_RAW DATA_.
▬▬▬▬▬▬▬▬▬▬
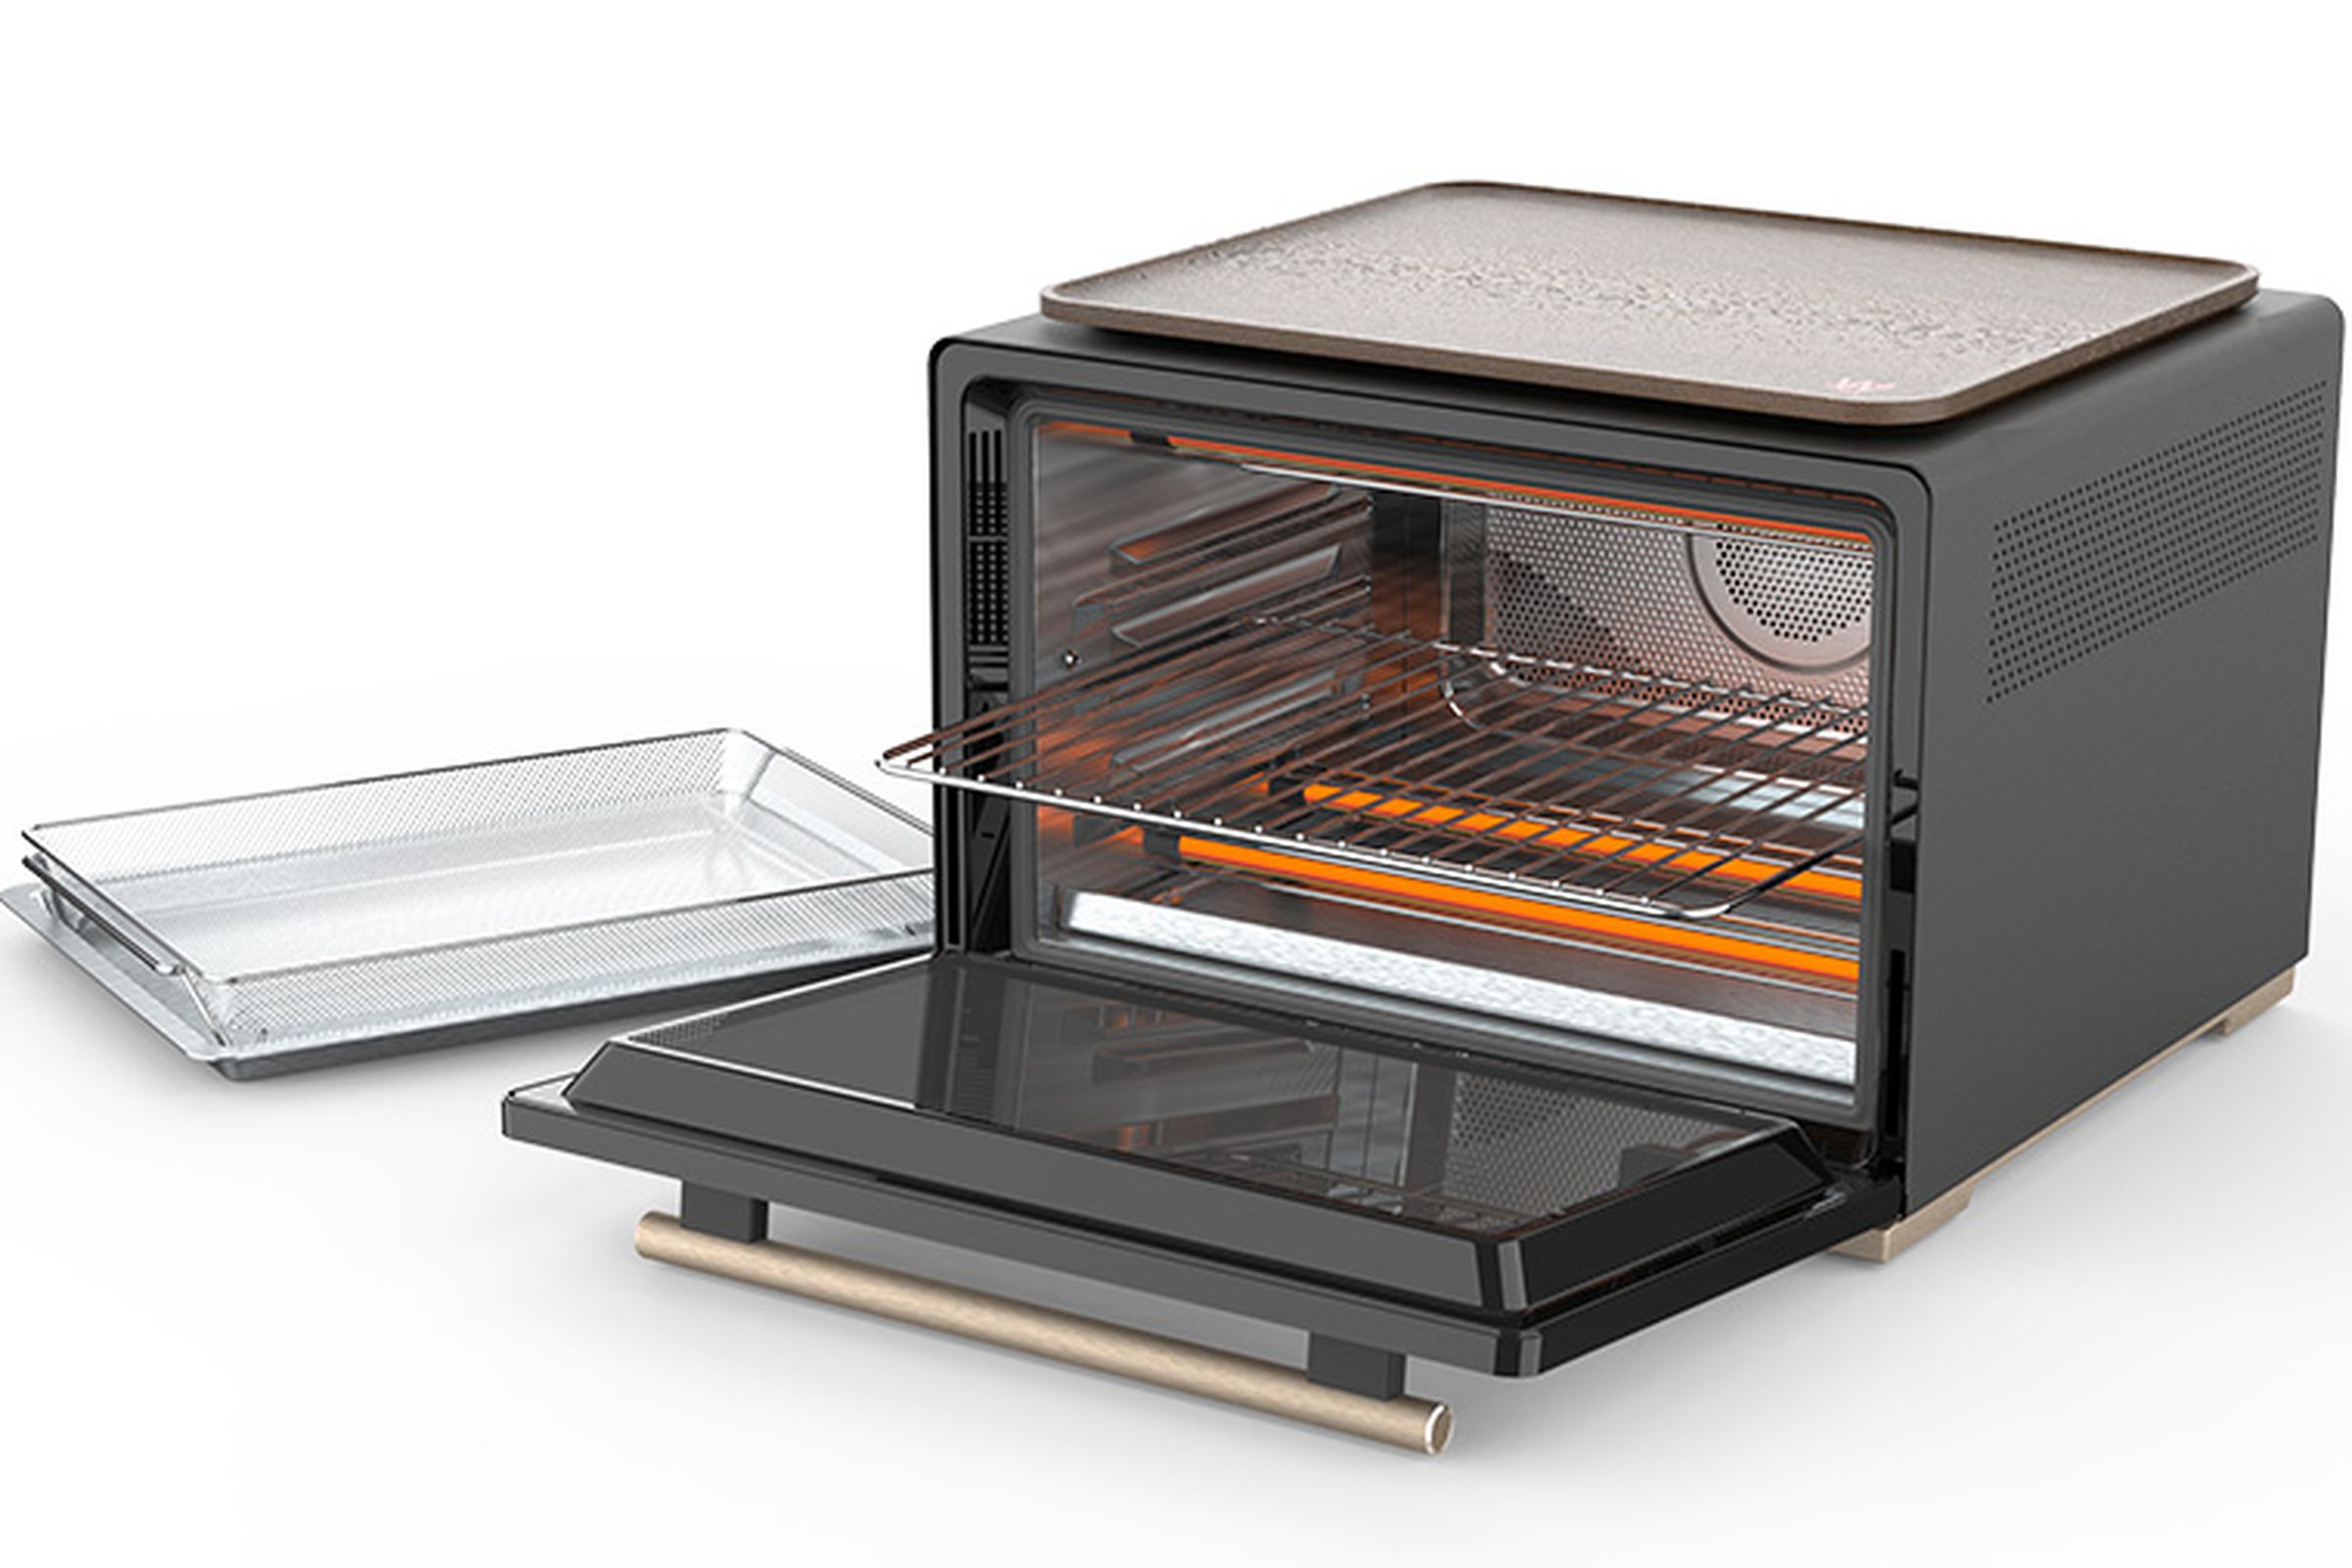 The Smart Countertop Oven lets you watch your food cooking in real time via an internal camera. 
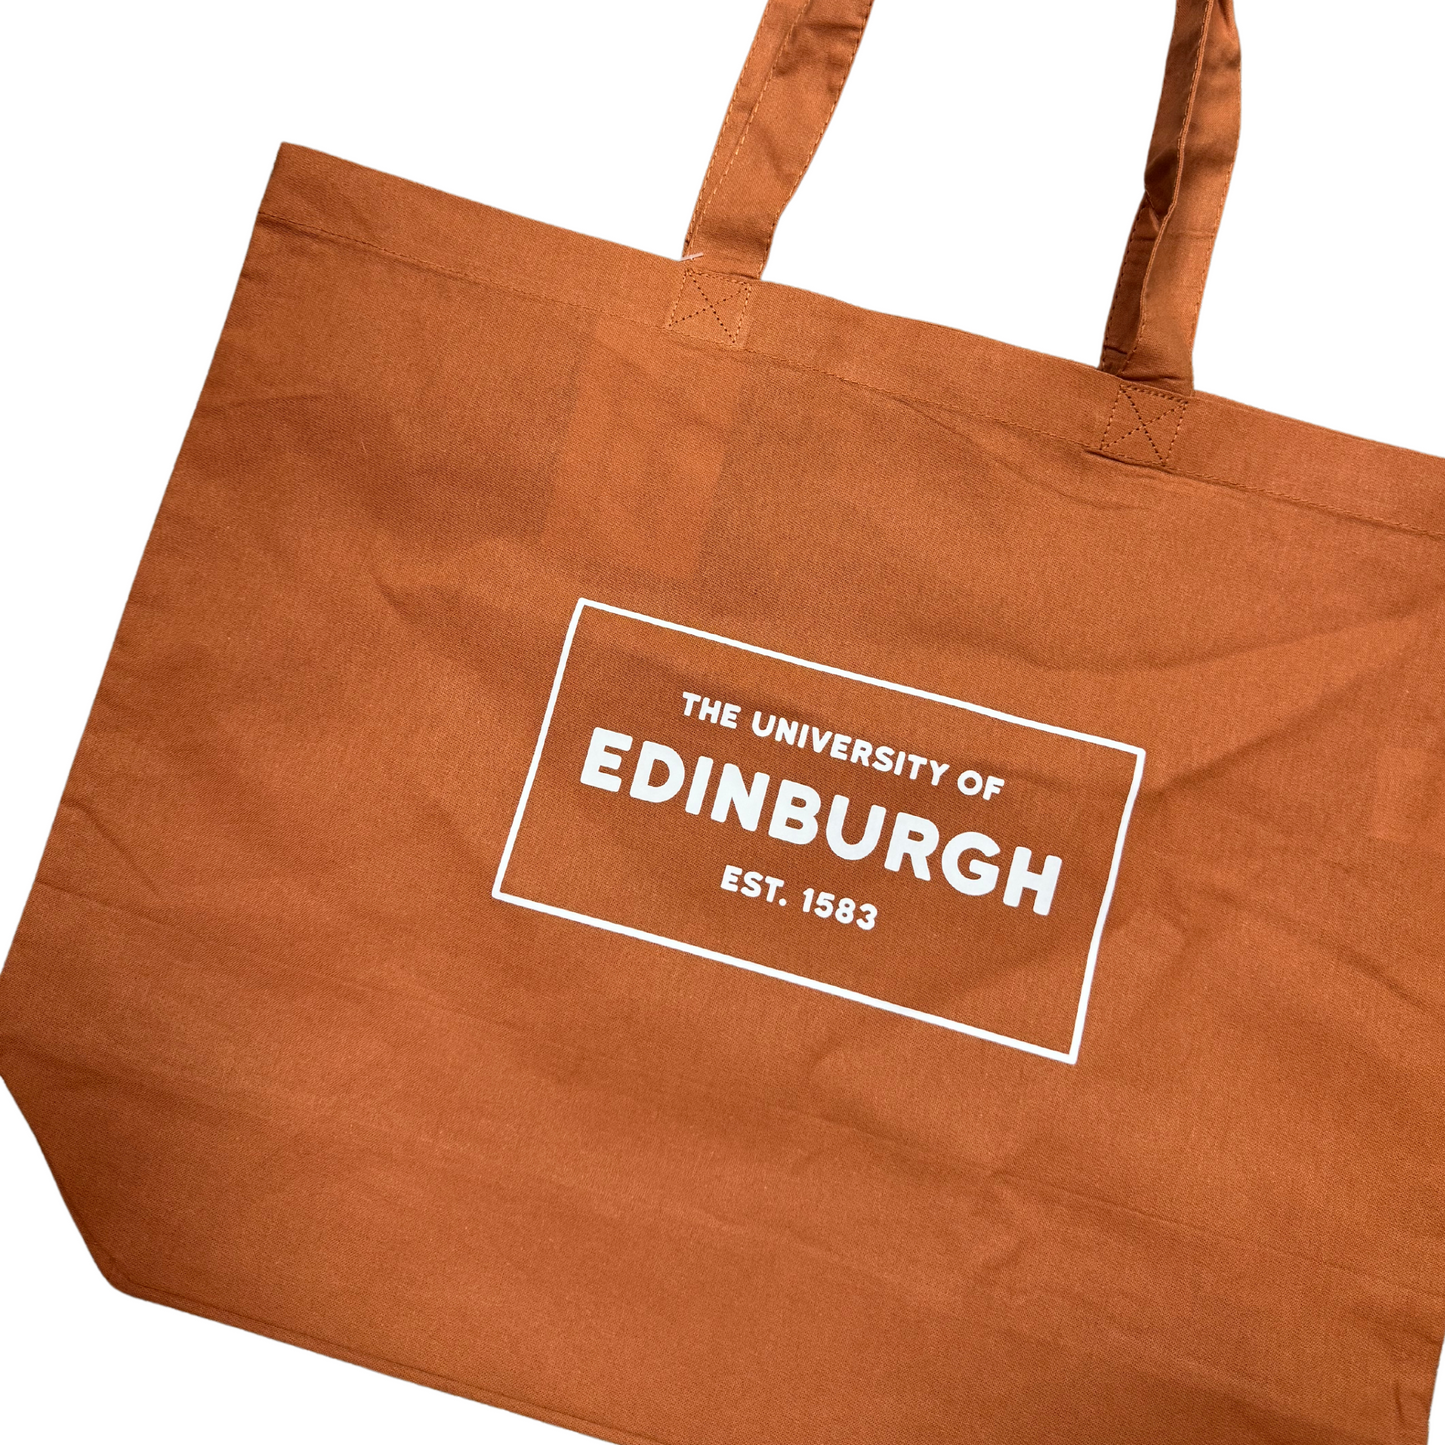 close-up of an orange tote bag with a white box that says The University of Edinburgh est. 1583
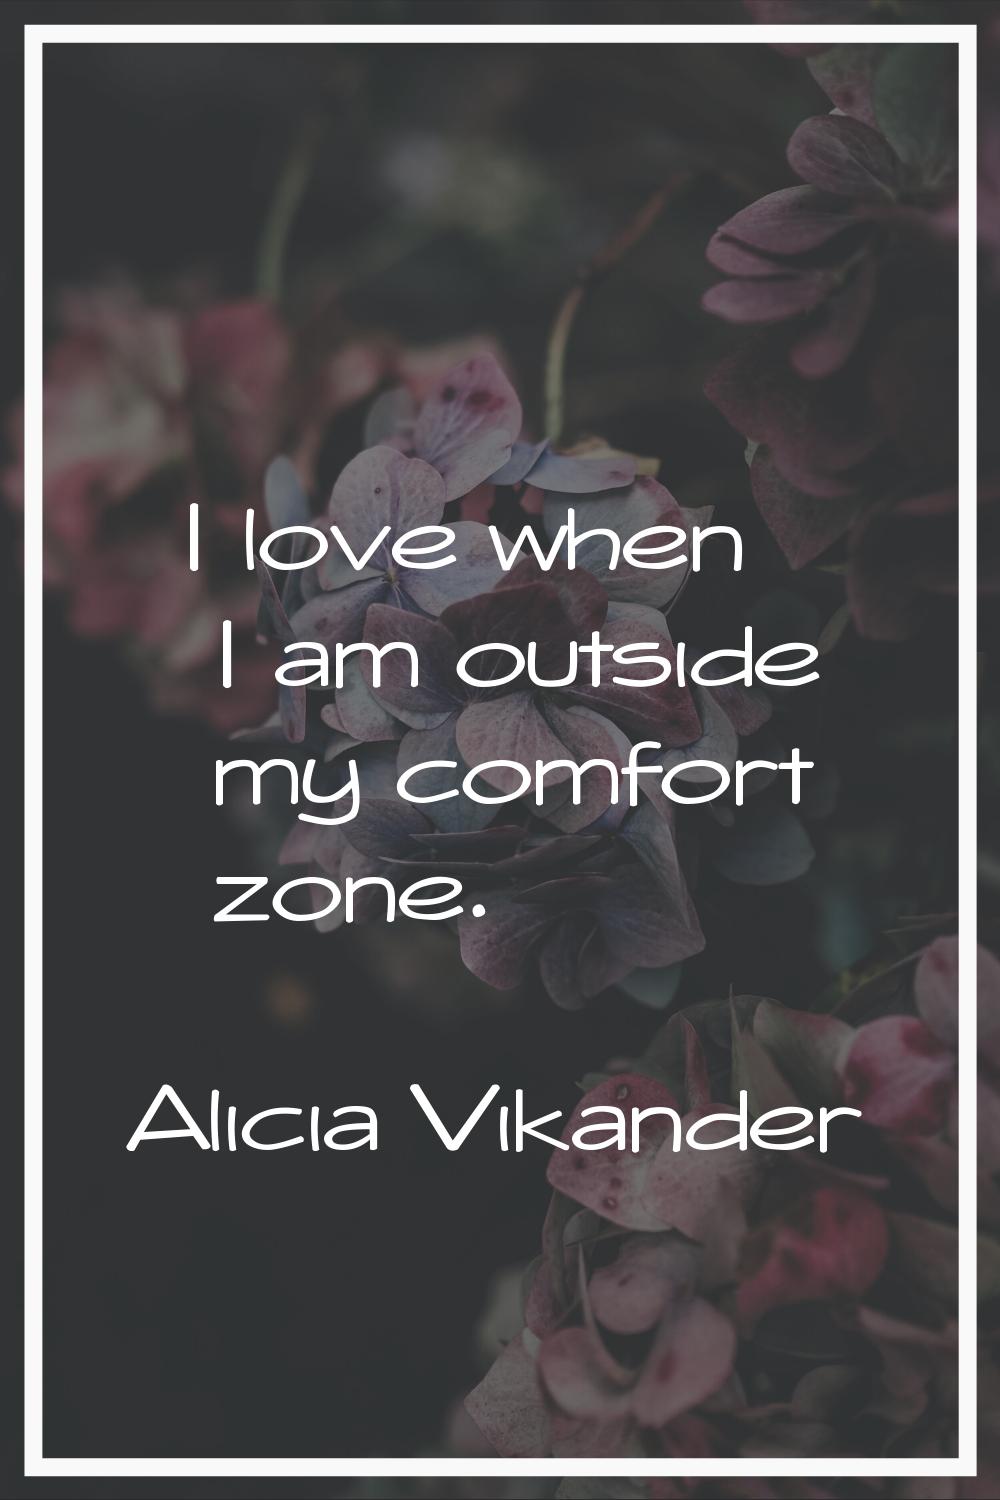 I love when I am outside my comfort zone.
▬▬▬▬▬▬▬▬▬▬
_TO DO_.
Restate all of the material word for word. Keep out every picture.

_ANSWER TO THE EXERCISE_.
 The Smart Countertop Oven lets you watch your food cooking in real time via an internal camera. 
 close-up of an orange tote bag with a white box that says The University of Edinburgh est. 1583
 I love when I am outside my comfort zone.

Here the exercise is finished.